## THE PROBLEM:
Using the records below, write out again exactly the lines that begin at the line containing "Company Portfolio Template" and end at the line containing "American Eagle Toddler", and no other lines.
THE DATA: Begin
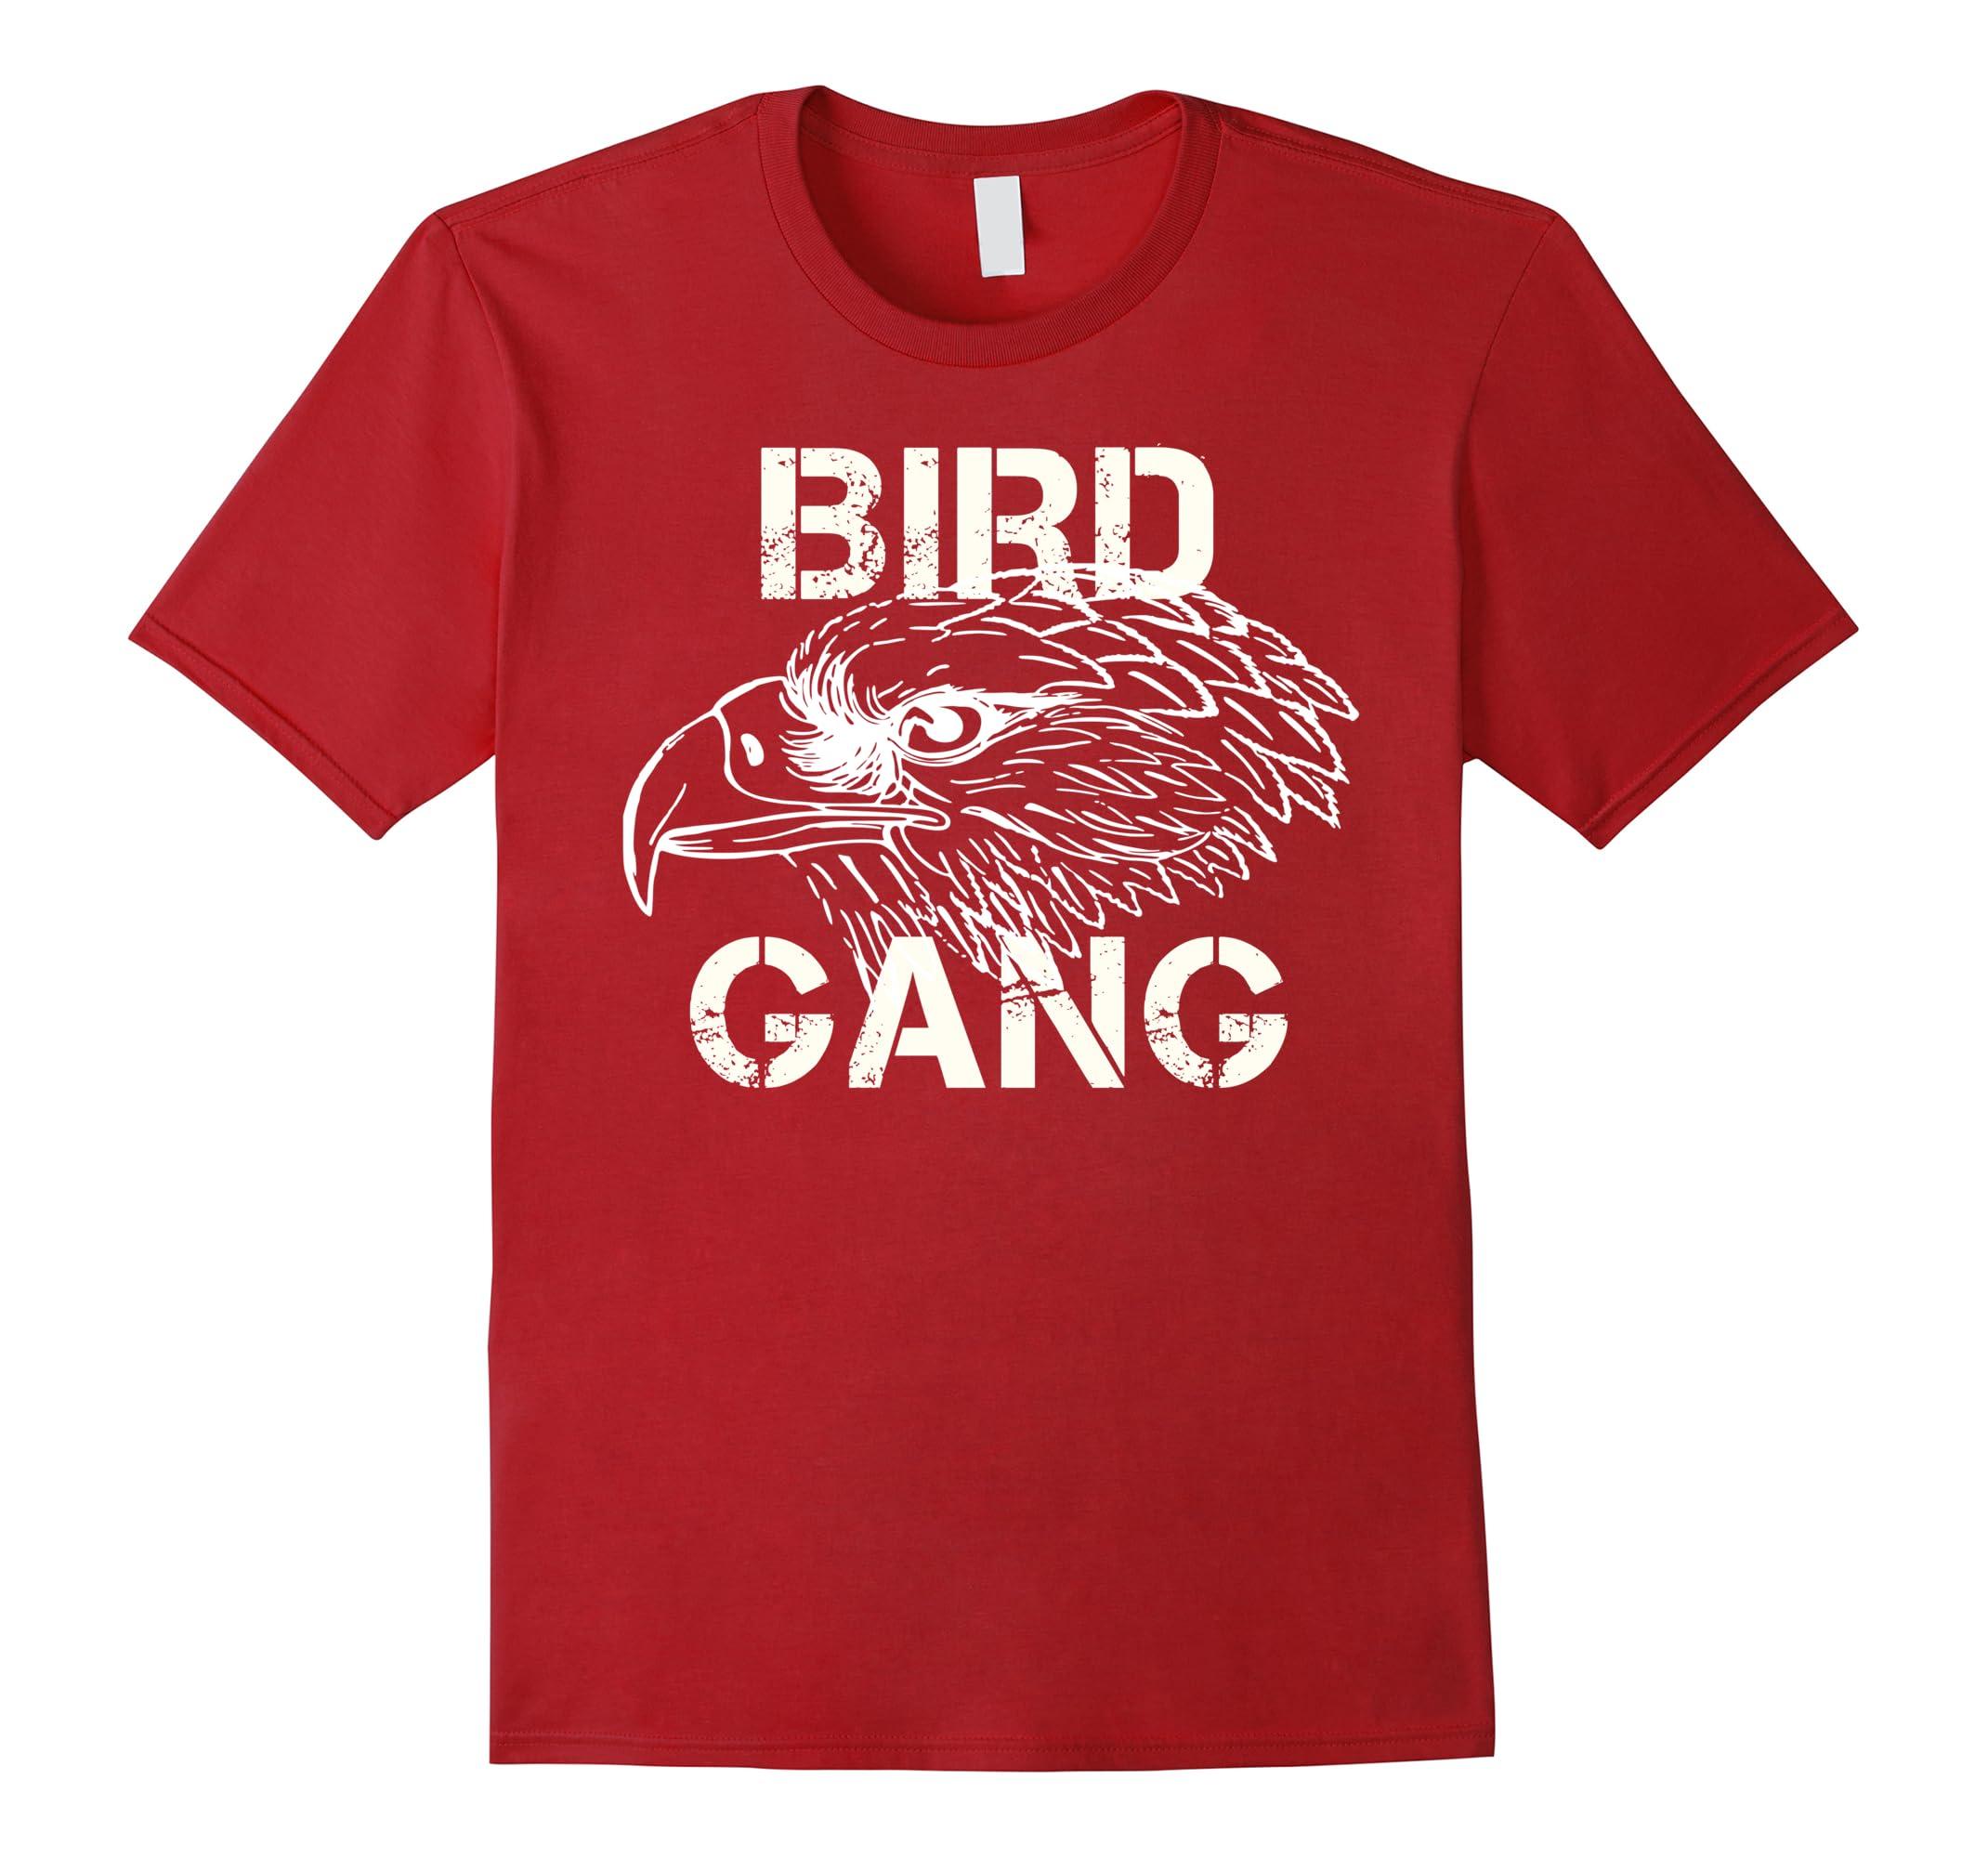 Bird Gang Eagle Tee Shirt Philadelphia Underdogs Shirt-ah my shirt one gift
THE DATA: End
THE DATA: Begin
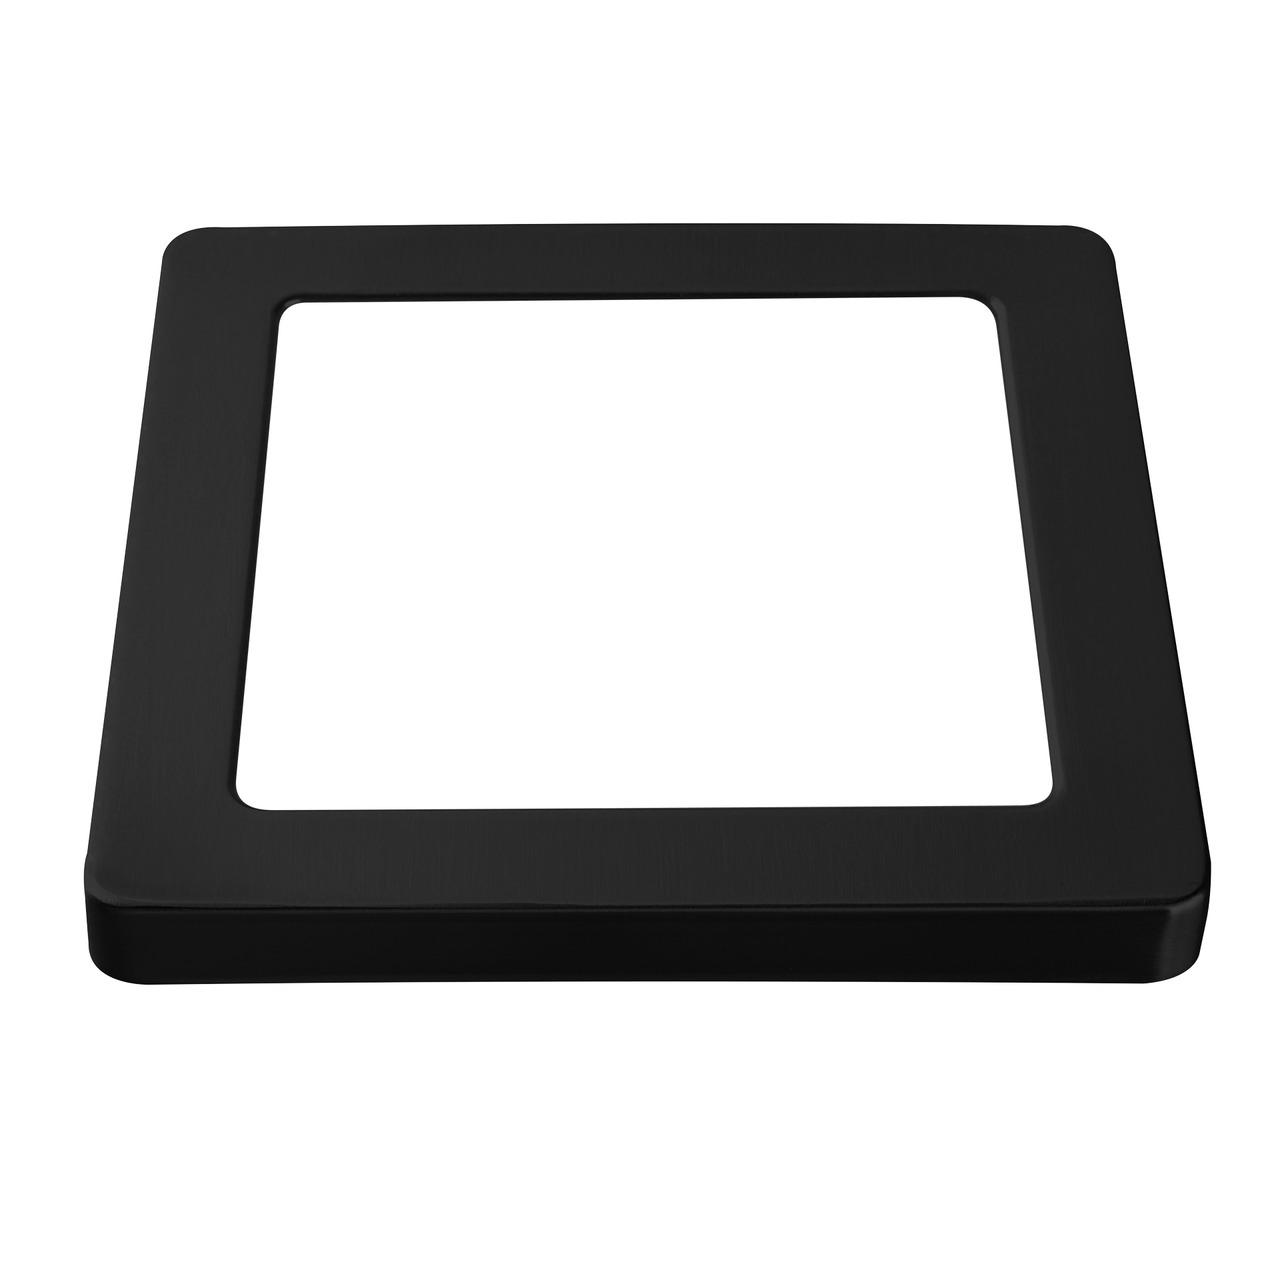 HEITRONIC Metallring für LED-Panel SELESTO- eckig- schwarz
THE DATA: End
THE DATA: Begin
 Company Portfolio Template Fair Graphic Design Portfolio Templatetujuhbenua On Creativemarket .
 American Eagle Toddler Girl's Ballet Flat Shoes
THE DATA: End
## TASK SOLUTION:
 Company Portfolio Template Fair Graphic Design Portfolio Templatetujuhbenua On Creativemarket .
 American Eagle Toddler Girl's Ballet Flat Shoes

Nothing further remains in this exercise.